1.Dava, kasko sigorta sözleşmesinden kaynaklanan tazminat istemine ilişkindir.
Mal sigortası türünden olan kasko sigorta sözleşmeleri gerek kuruluşlarında gerek devamı sırasında ve gerekse rizikonun gerçekleşmesi aşamasındaki ihbar yükümlülükleri bakımından iyi niyet esasına dayalı sözleşme türlerindedir.

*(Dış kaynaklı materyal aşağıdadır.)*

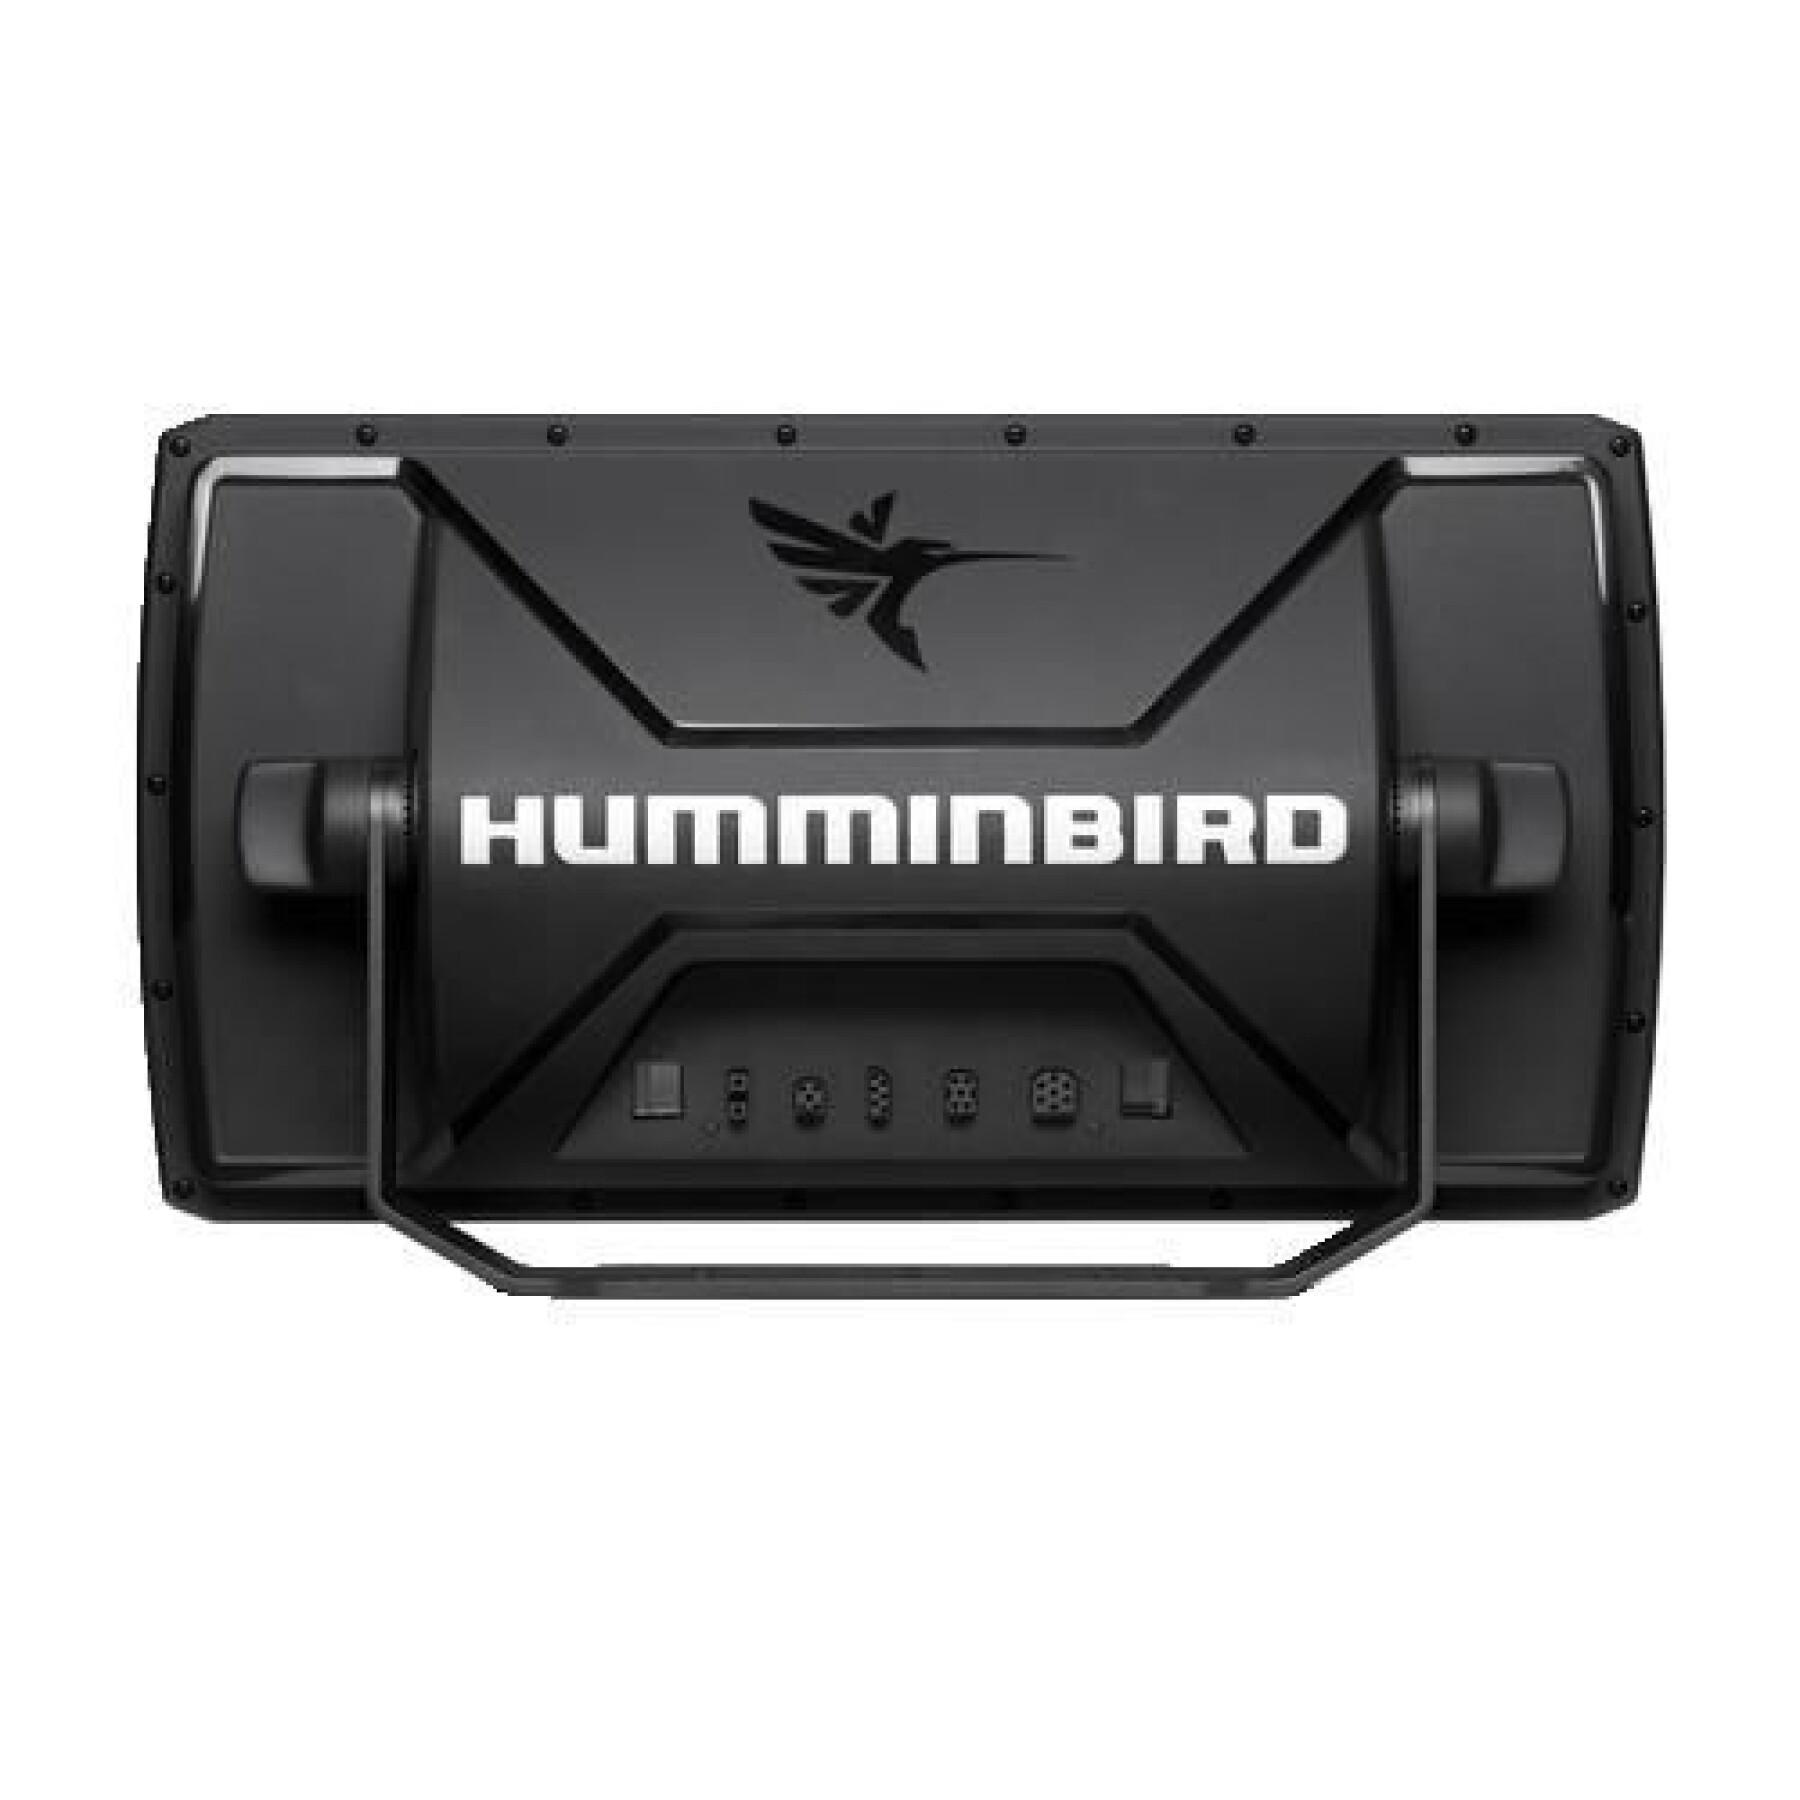 Gps and sounder Humminbird Helix 10G4N Chirp Mega SI+(411420-1M)

K. Sigortası Genel Şartlarının A/1 maddesine göre gerek hareket gerekse durma halinde iken sigortalının veya aracı kullananın iradesi dışında araca ani ve harici etkiler neticesinde sabit veya hareketle bir cismin çarpması vey aaracın böyle bir cisme çarpması müsademesi devrilmesi düşmesi yuvarlanması gibi kazalar ile 3. kişilerin kötü niyet ve muziplikle yaptıkları hareketler aracın yanması çalınması veya çalınmaya teşebbüs sonucu oluşan maddi zararların bu tür sigortanın teminatı kapsamında olduğu anlaşılmaktadır. Diğer taraftan TTK.nun 1282. maddesi uyarınca sigortacı geçerli bir sigorta ilişkisi kurulduktan sonra oluşan rizikolardan sorumlu olduğu gibi aynı Yasanın 1281. maddesi hükmüne göre kural olarak rizikonun teminat dışında kaldığına ilişkin iddianın sigortacı tarafından kanıtlanması gerekmektedir.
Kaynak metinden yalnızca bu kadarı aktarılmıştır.